Validation Method | Validation Statistic | Tuning Parameter Regions |
---|---|---|
KFold | Mean of the Scaled -LogLikelihood values across the K folds | Two |
Holdback | Scaled -LogLikelihood | None |
Leave-One-Out | Mean of the Scaled -LogLikelihood values across all folds | Two |
BIC | BIC for training data | Two |
AICc | AICc for training data | Two |
ERIC | ERIC for training data | Two |
Validation Column with two or three values | Scaled -LogLikelihood | None |
Validation Column with K > 3 values | Mean of the Scaled -LogLikelihood values across the K folds | Two |
Although a model is estimated to be the best model, there can be uncertainty relative to this selection. Competing models might fit nearly as well and can contain useful information. For the AICc, BIC, ERIC, KFold, and Leave-One-Out validation methods, and for a Validation Column with more than three values, the Validation Plot provides zones that identify competing models that might deserve consideration. Models that fall outside the zones are not recommended. See Burnham and Anderson (2004) and Burnham et al. (2011).
A zone is an interval of values of the validation statistics.

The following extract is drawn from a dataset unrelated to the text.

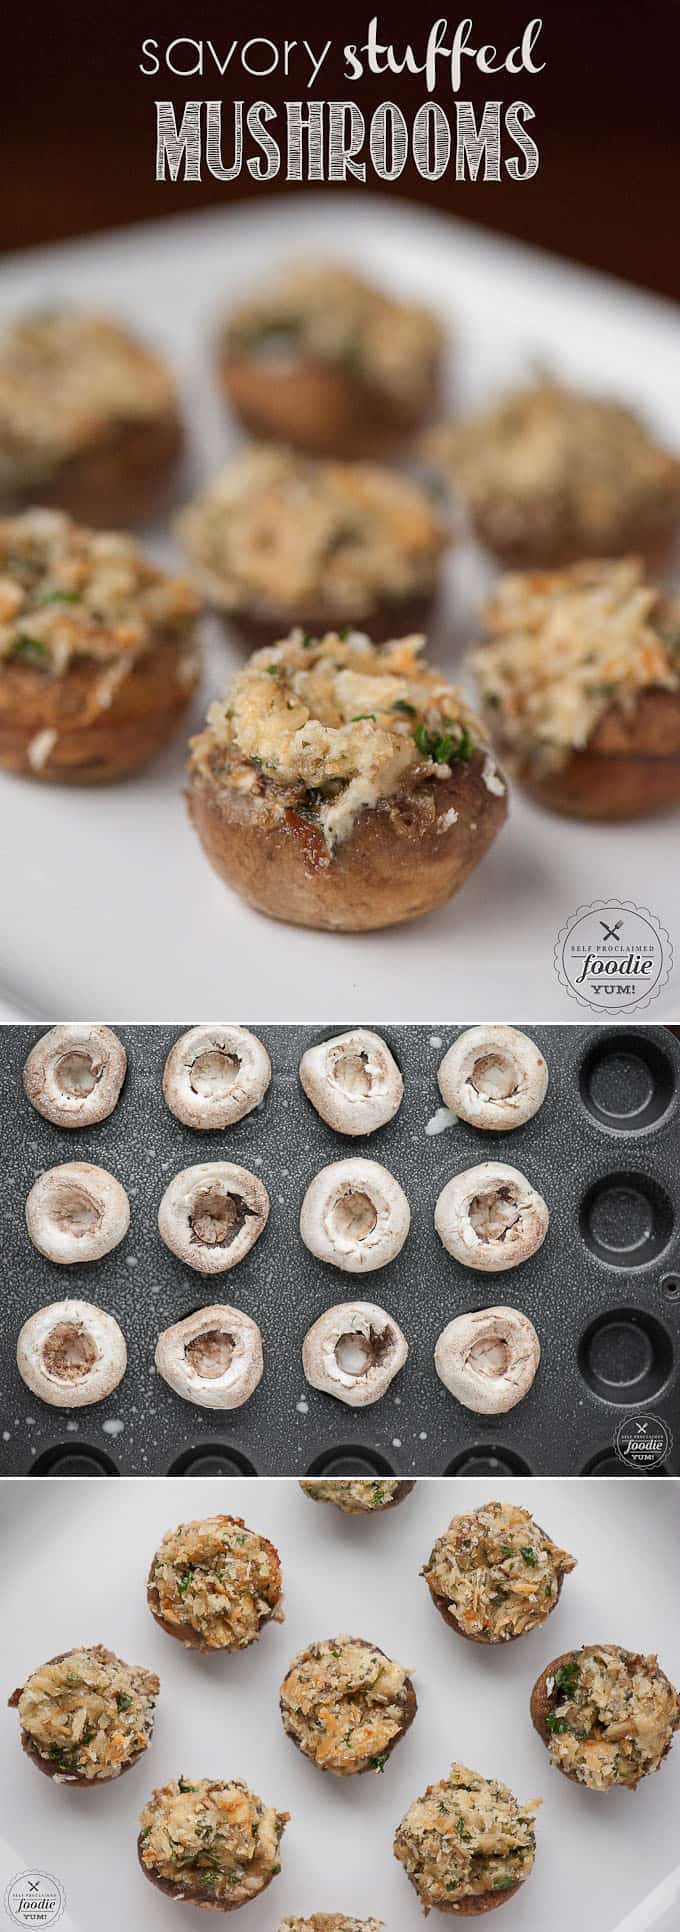 Savory Stuffed Mushrooms, filled with a warm flavorful garlic and cheese mixture, are bite sized appetizers that will please everyone at your dinner party.

The zones are plotted as green or yellow rectangles that span the entire horizontal axis. A model falls in a zone if the value of its validation statistic falls in the zone. You can drag the solid vertical red line to explore solutions within the zones. See Current Model Indicator.
Figure 6.6 shows a Validation Plot for Diabetes.jmp with the vertical axis expanded to show the two zones.
Figure 6.6 Validation Plot for Diabetes.jmp, Lasso with AICc Validation
For these validation methods, two regions are shown in the plot. Denote the validation BIC, AICc, and ERIC values for the best solutions by Vbest.
• The green zone identifies models for which there is strong evidence that a model is comparable to the best model. The green zone is the interval [Vbest, Vbest+4].
• The yellow zone identifies models for which there is weak evidence that a model is comparable to the best model. The yellow zone is the interval (Vbest+4, Vbest+10].
For these validation methods, two regions are shown in the plot. At the solution for the best model, the scaled negative log-likelihood functions are evaluated for each validation set. Denote the standard error of these values as LSE. Denote the scaled negative log-likelihood for the best solution by Lbest.
• The green zone identifies models for which there is strong evidence that a model is comparable to the best model. The green zone is the interval [Lbest, Lbest+LSE].
• The yellow zone identifies models for which there is weak evidence that a model is comparable to the best model. The yellow zone is the interval (Lbest+LSE, Lbest+2.5*LSE].